Pero aquella noche no vino ninguna aventura para recompensarme el día. Debajo de mis párpados se repetía, tercamente, una imagen ya lejana. Era precisamente, la rambla a la altura de Eduardo Acevedo, una noche de verano, antes de casarnos. Yo la estaba esperando apoyado en la baranda metido en la sombra que olía intensamente a mar. Y ella bajaba la calle en pendiente, con los pasos largos y ligeros que tenía entonces, con un vestido blanco y un pequeño sombrero caído contra una oreja. El viento la golpeaba en la pollera, trabándole los pasos, haciéndola inclinarse apenas, como un barco de vela que viniera hacia mí desde la noche. Trataba de pensar en otra cosa; pero, apenas me abandonaba, veía la calle desde la sombra de la muralla y la muchacha, Ceci, bajando con un vestido blanco.
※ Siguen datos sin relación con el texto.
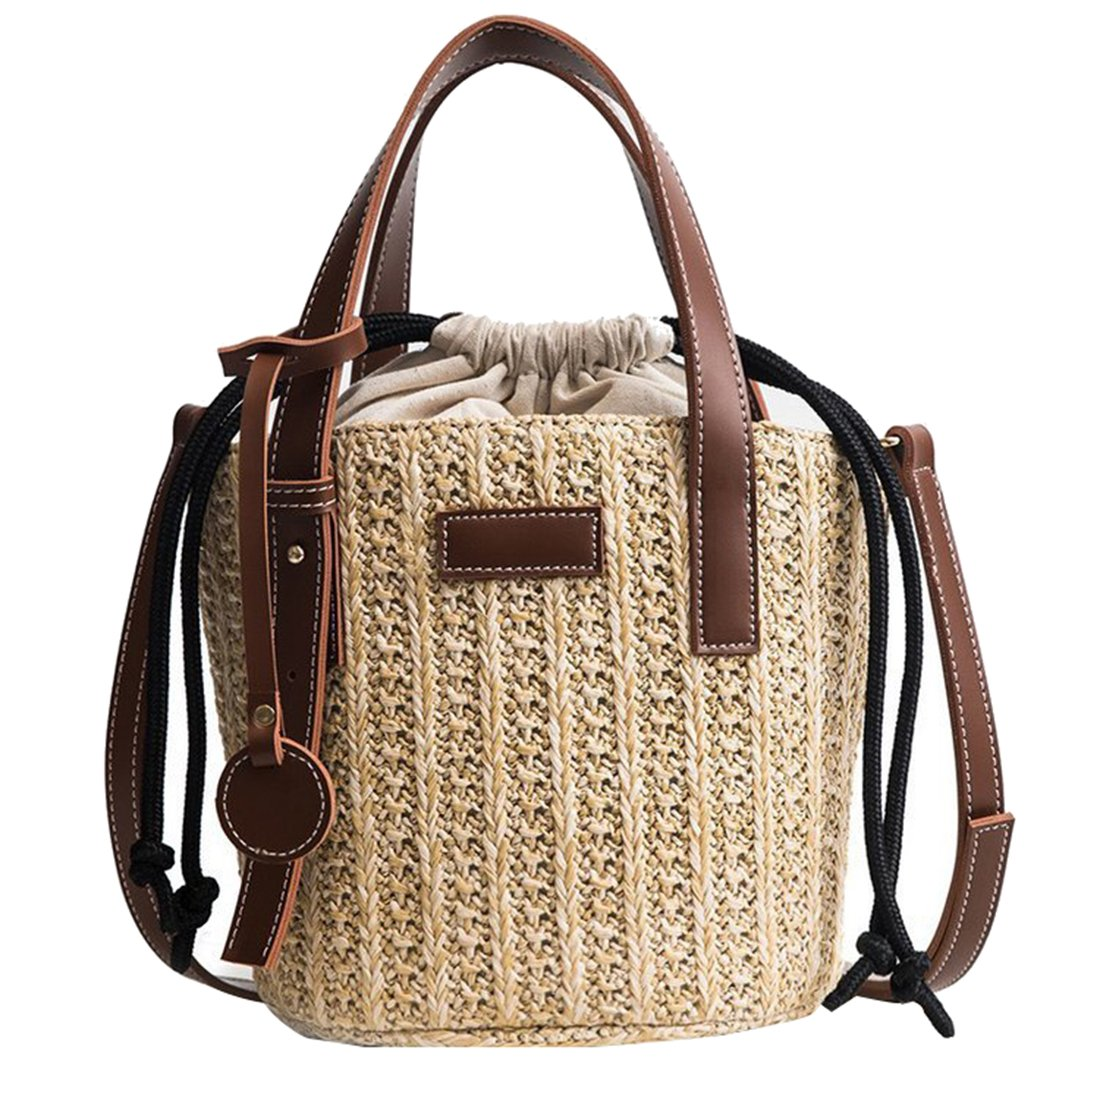 Women Straw Shoulder Bag Summer Beach Bag Tote Bag Cotton Lining Top Handle Hobo Shopper Bucket Bag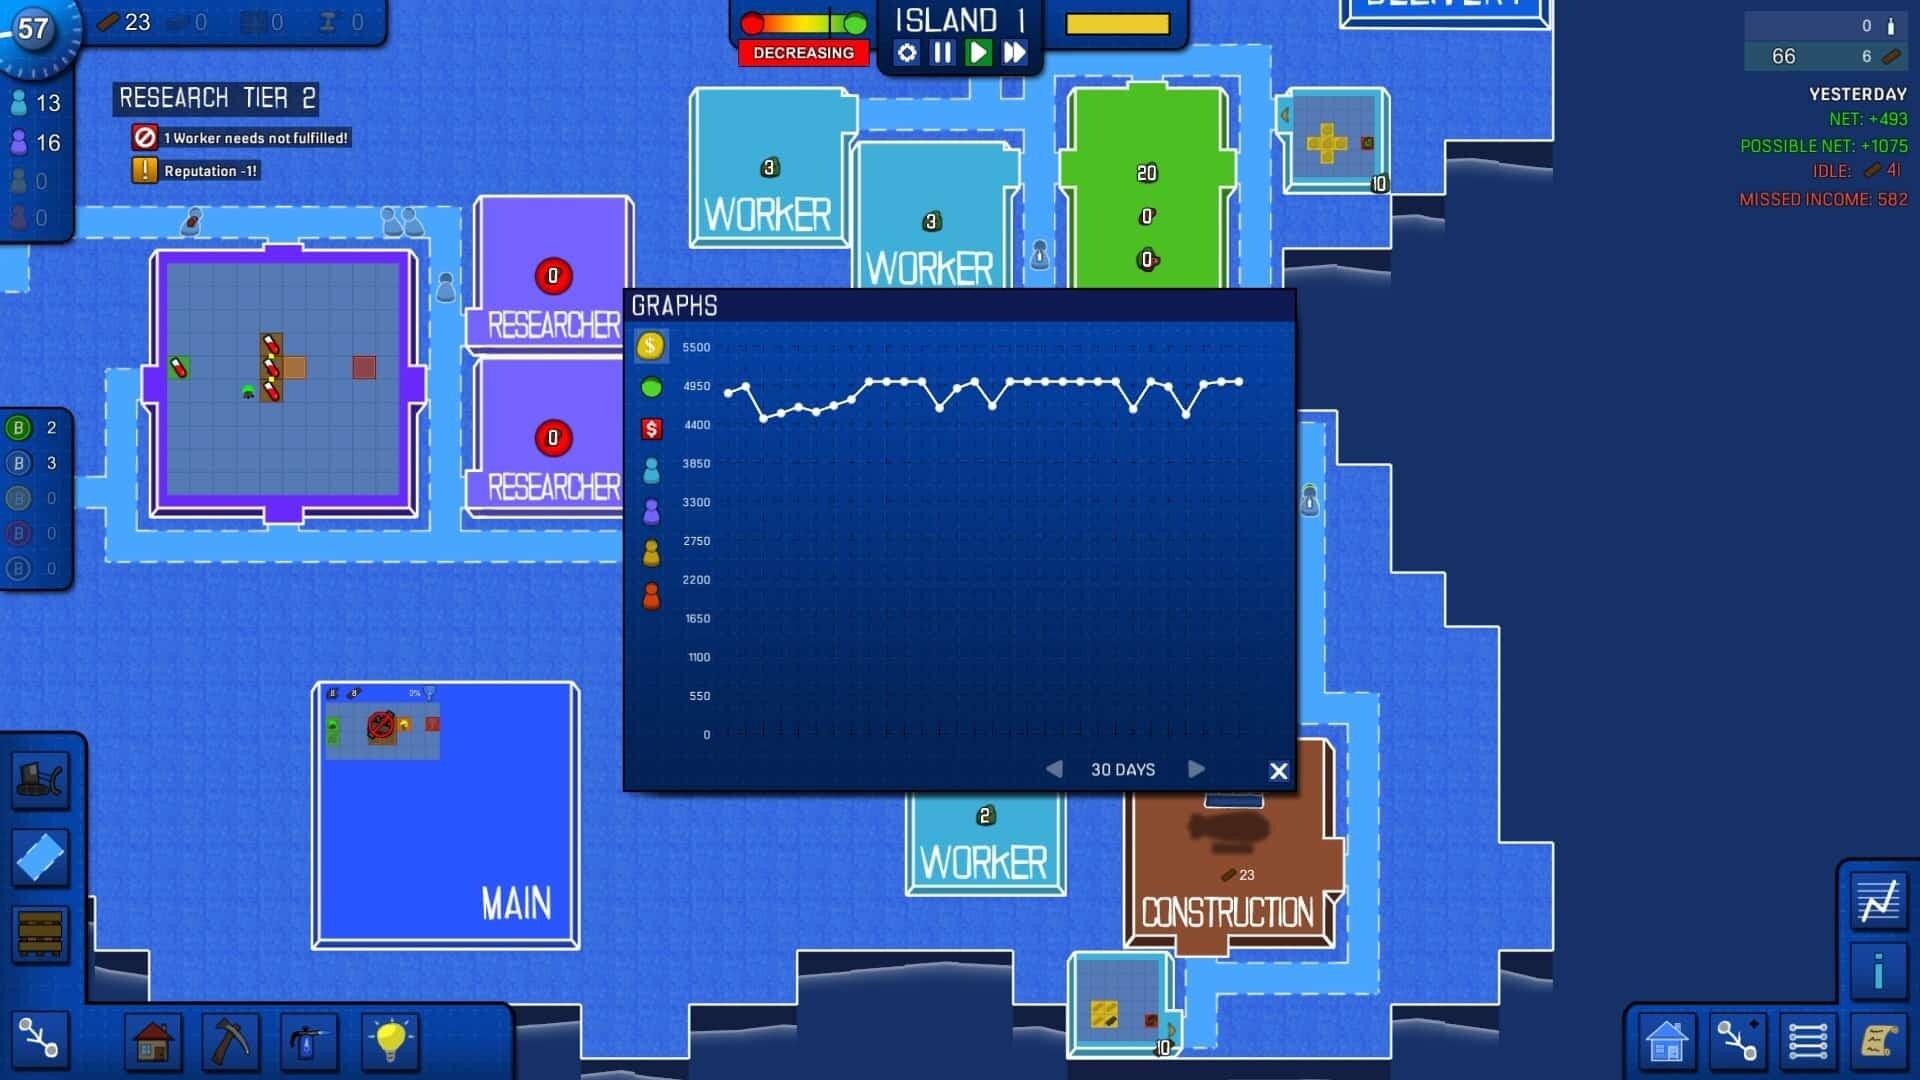 Blueprint Tycoon game screenshot, income chart

Entonces tuve aquella idea idiota como una obsesión. La desperté, le dije que tenía que vestirse de blanco y acompañarme. Había una esperanza, una posibilidad de tender redes y atrapar el pasado y la Ceci de entonces. Yo no podía explicarle nada; era necesario que ella fuera sin plan, no sabiendo para qué. Tampoco podía perder tiempo, la hora del milagro era aquella, en seguida. Todo esto era demasiado extraño y yo debía tener cara de loco. Se asustó y fuimos. Varias veces subió la calle y vino hacia mí con el vestido blanco donde el viento golpeaba haciéndola inclinarse. Pero allá arriba, en la calle empinada, su paso era distinto, reposado y cauteloso, y la cara que acercaba al atravesar la rambla debajo del farol era seria y amarga. No había nada que hacer y nos volvimos."
La caja abierta y cerrada de Schrodingër. Y lo que pasa por la neurona del gato mientras tanto.